- [Data extract]:
· · ·

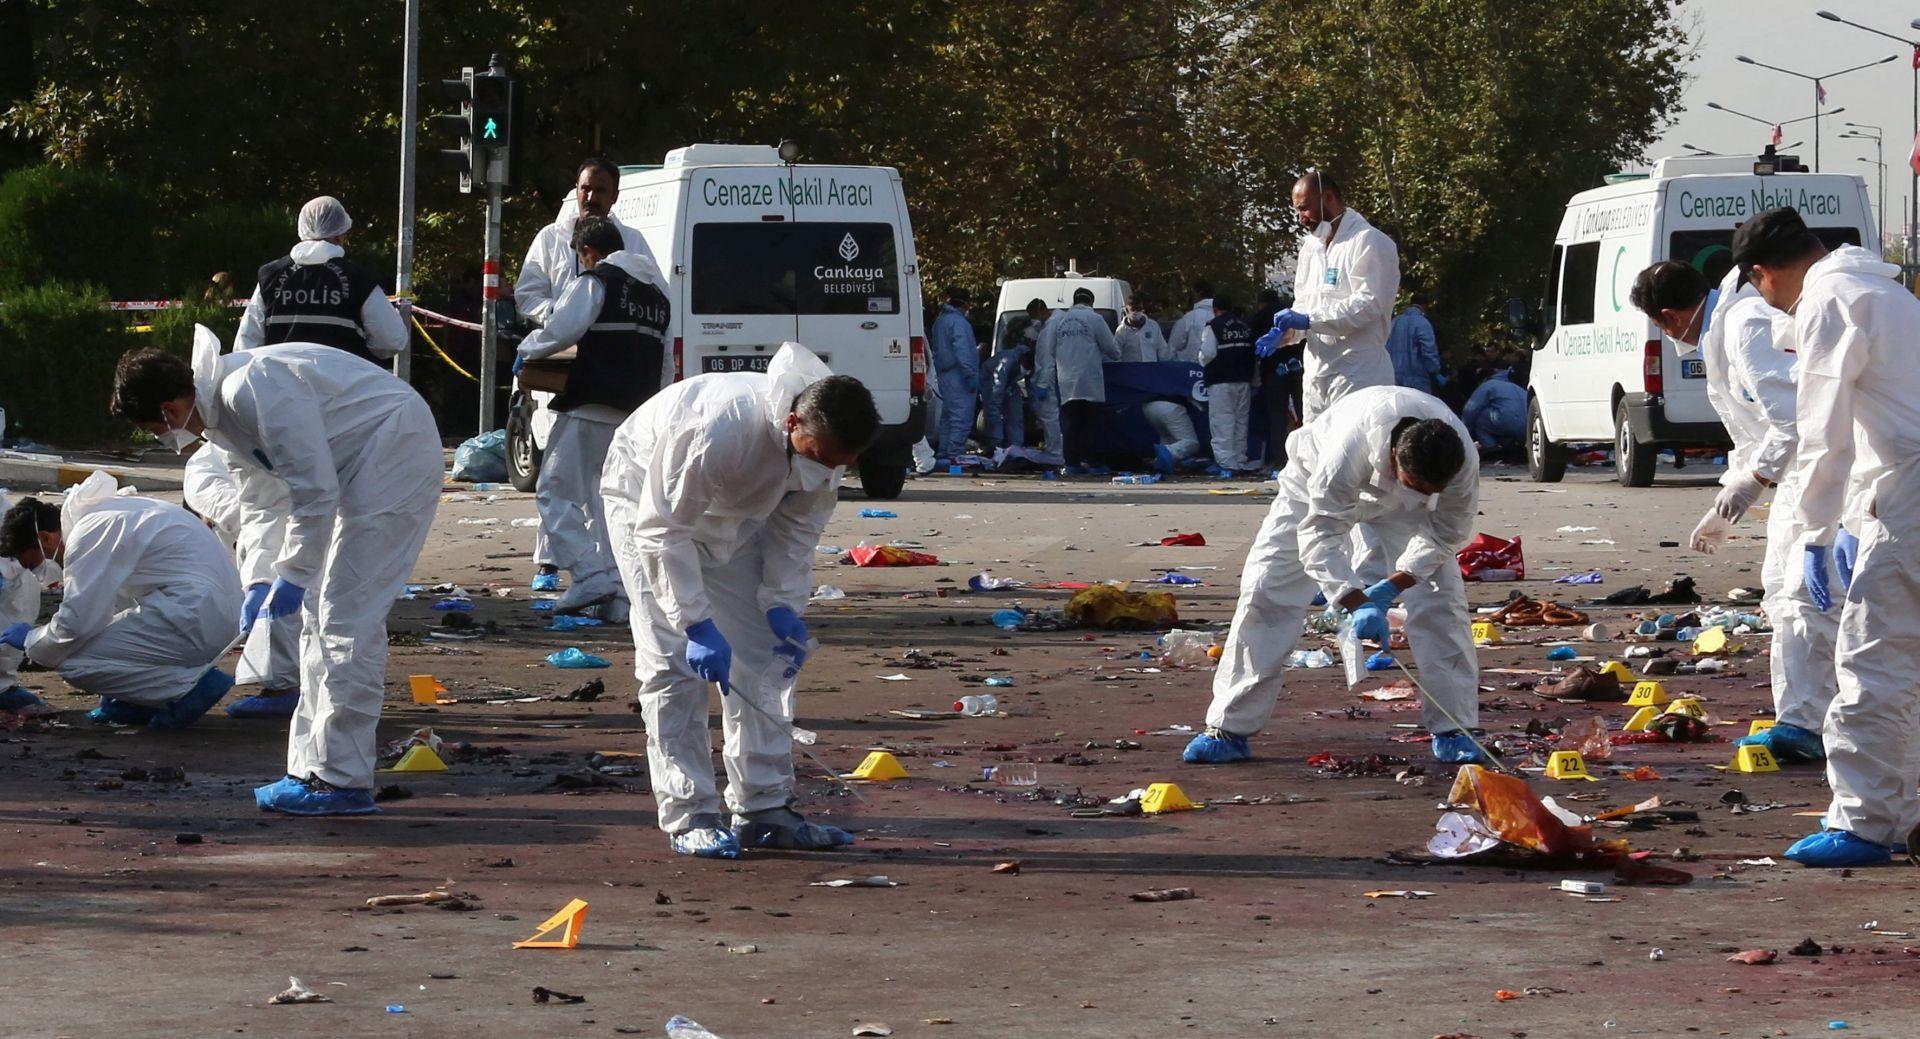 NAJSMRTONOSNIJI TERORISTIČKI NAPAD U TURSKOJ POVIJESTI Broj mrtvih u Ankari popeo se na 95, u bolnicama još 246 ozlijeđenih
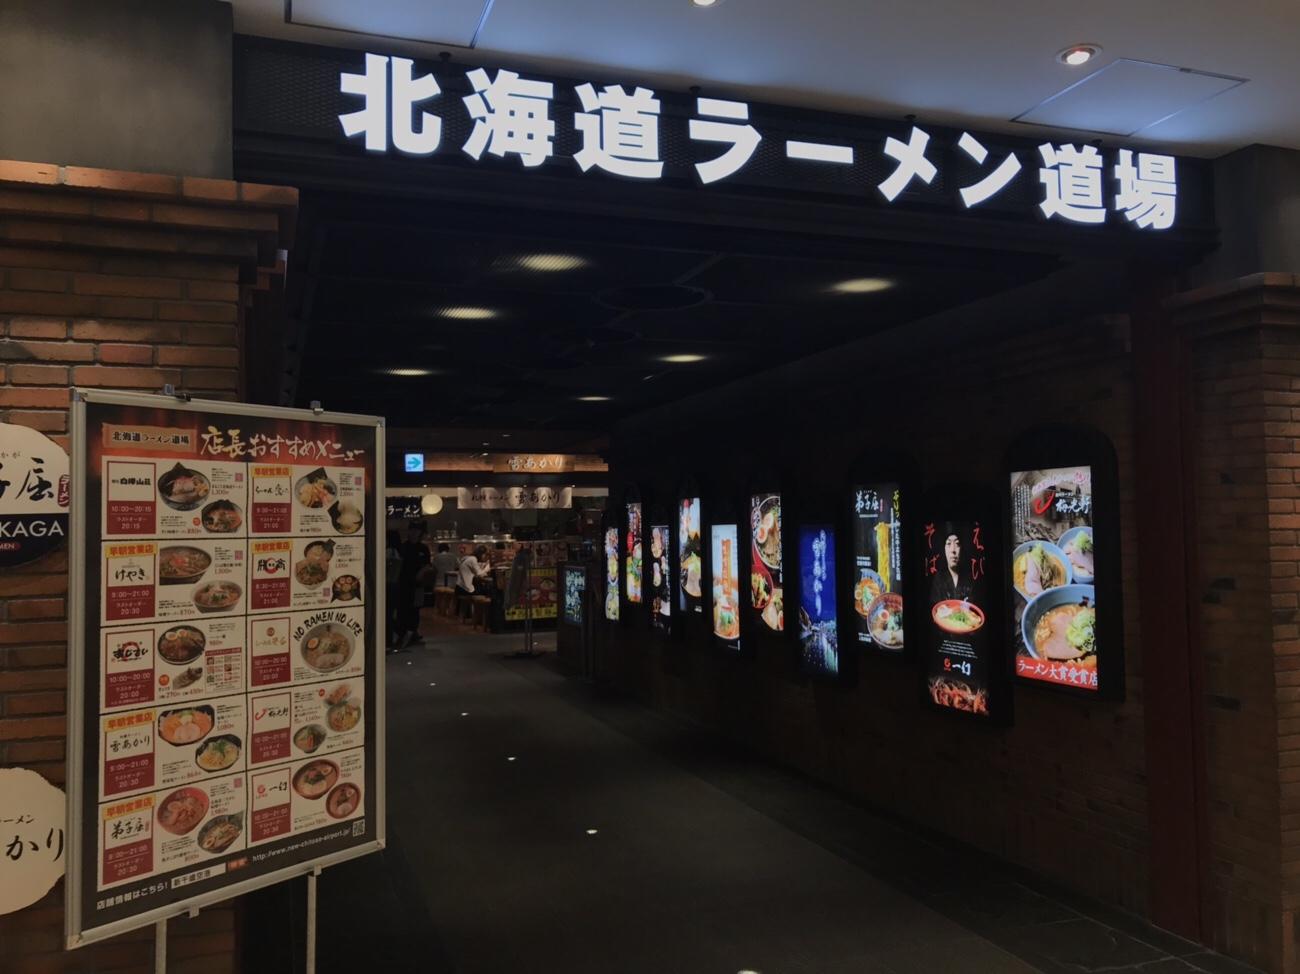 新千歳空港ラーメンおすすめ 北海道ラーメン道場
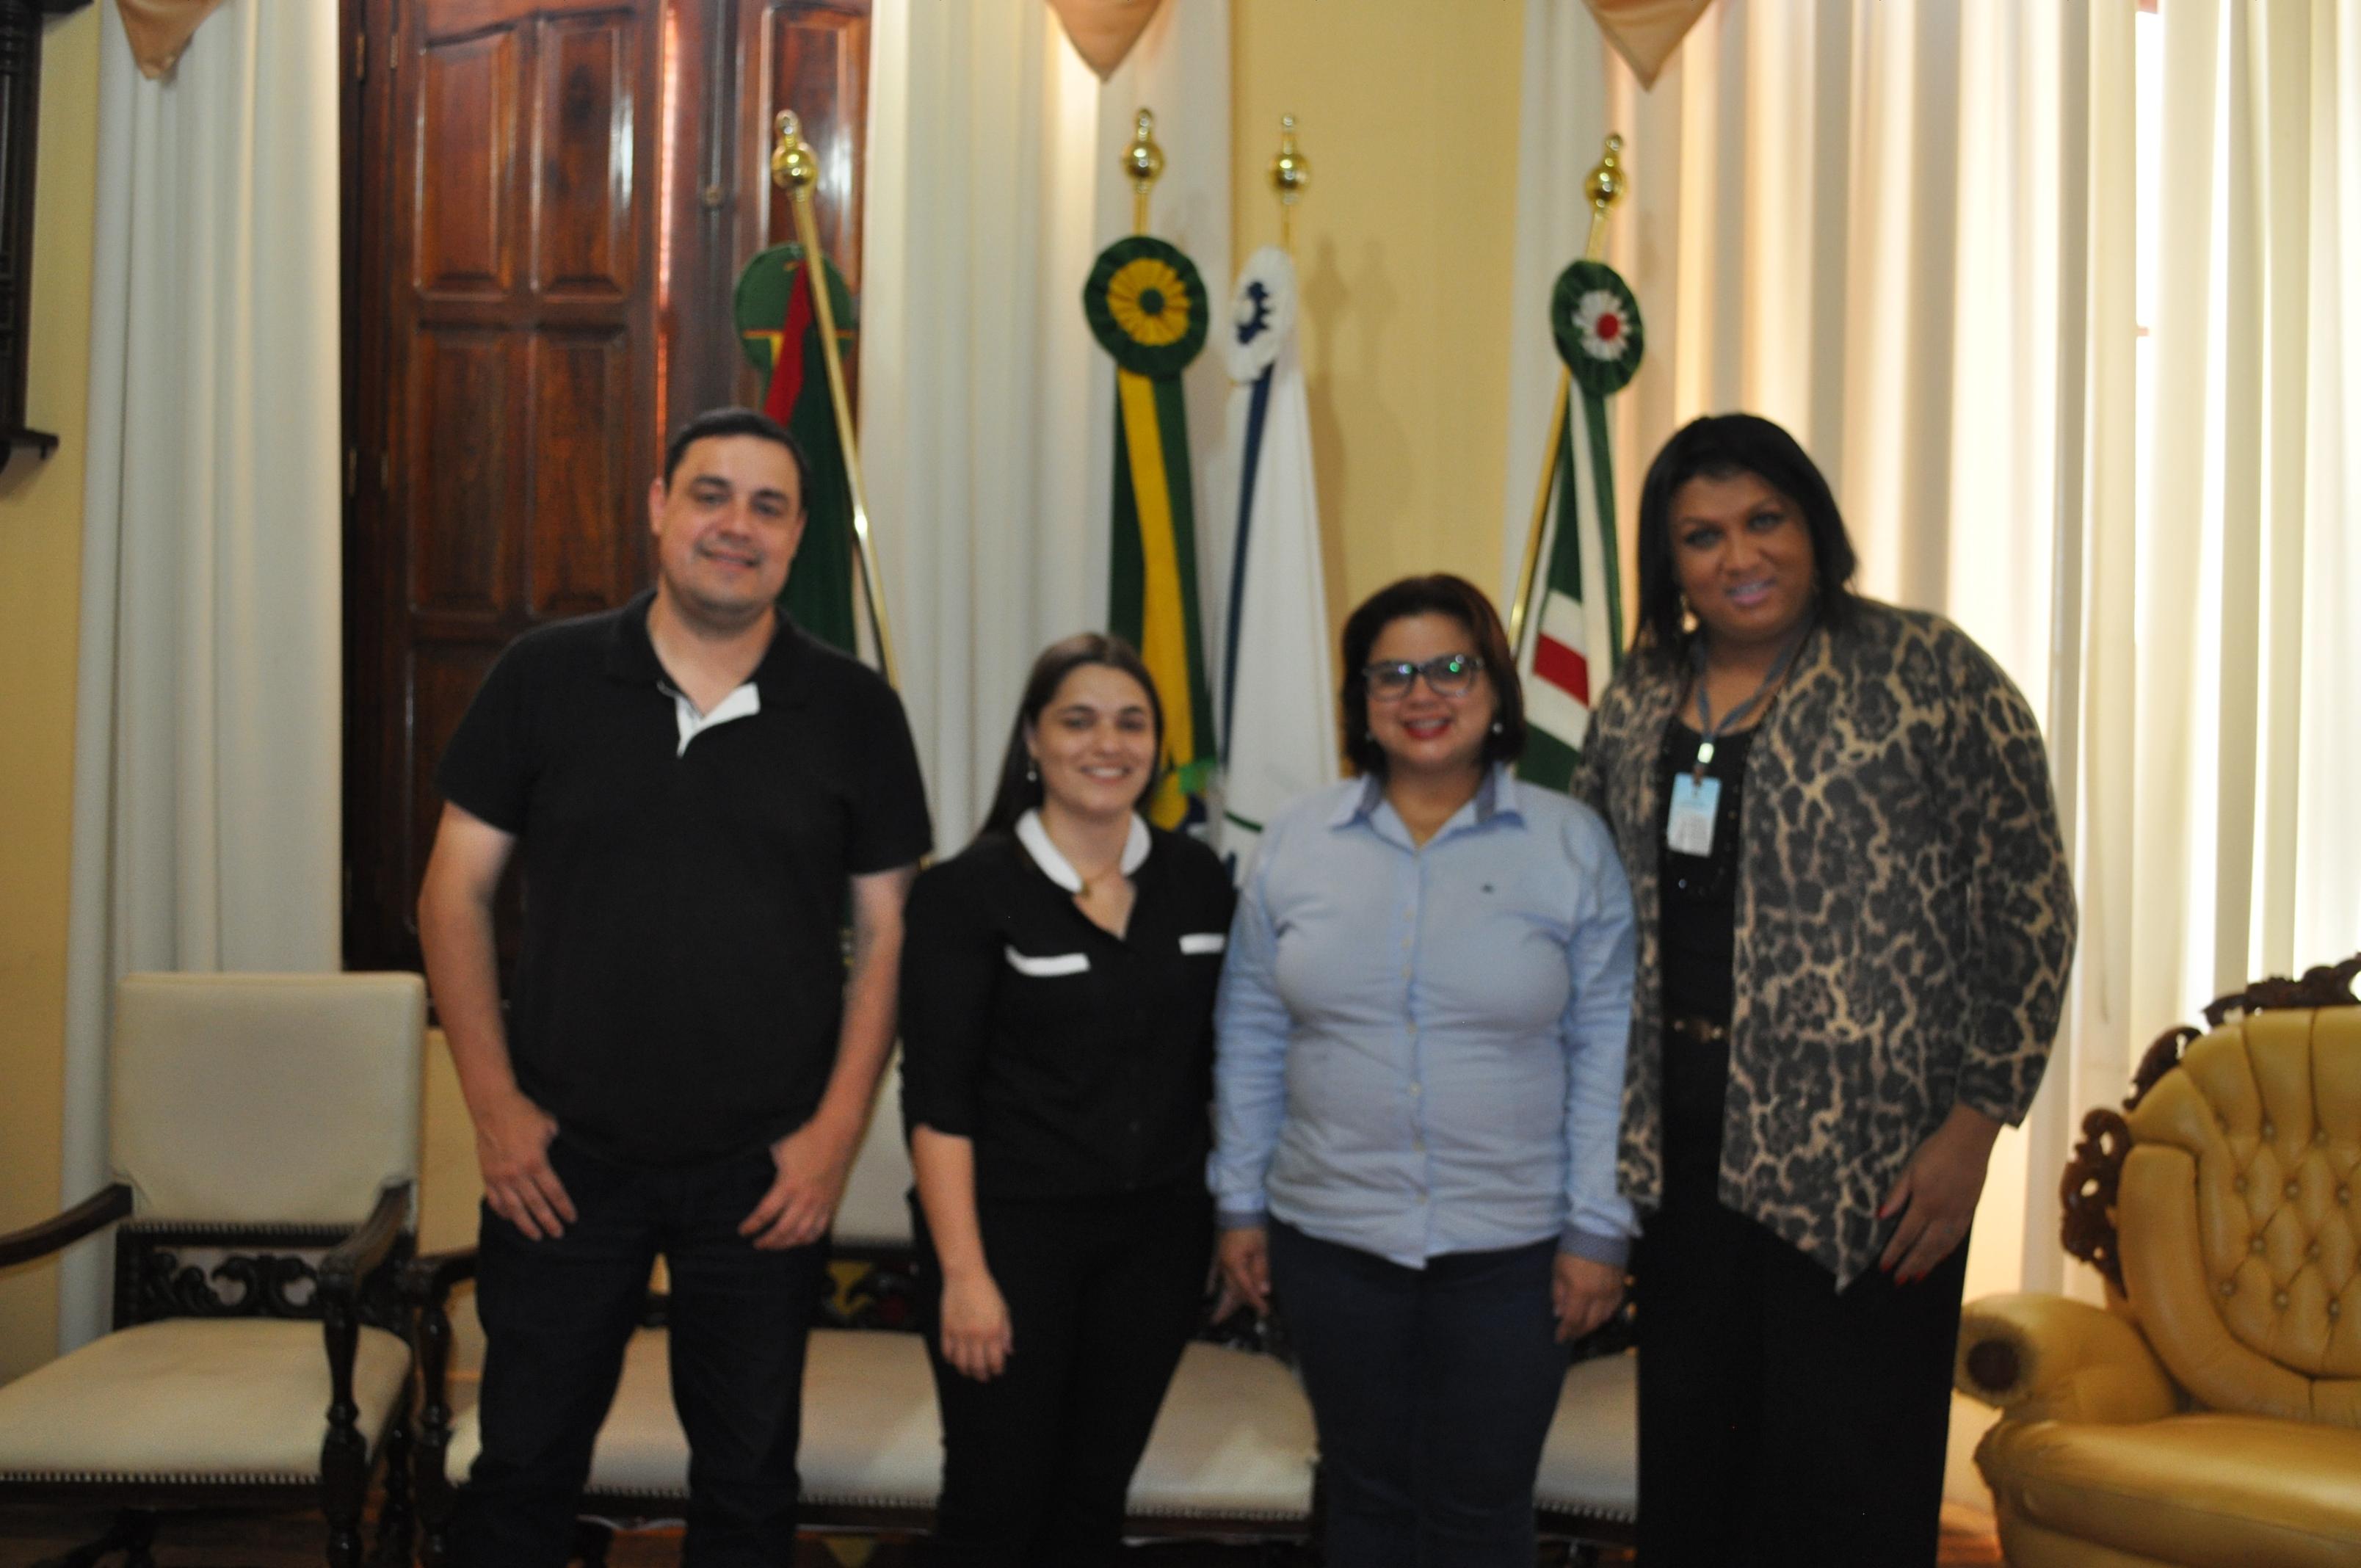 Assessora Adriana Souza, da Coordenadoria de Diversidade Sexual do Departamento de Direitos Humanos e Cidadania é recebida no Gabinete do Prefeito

· · ·

- [What to produce]: Every line between the one containing "新千歳空港ラーメンおすすめ 北海道ラーメン道場" and the end of the listing, both included, needs to be retyped exactly, minus the pictures.

- [Exercise output]:
 新千歳空港ラーメンおすすめ 北海道ラーメン道場
 Assessora Adriana Souza, da Coordenadoria de Diversidade Sexual do Departamento de Direitos Humanos e Cidadania é recebida no Gabinete do Prefeito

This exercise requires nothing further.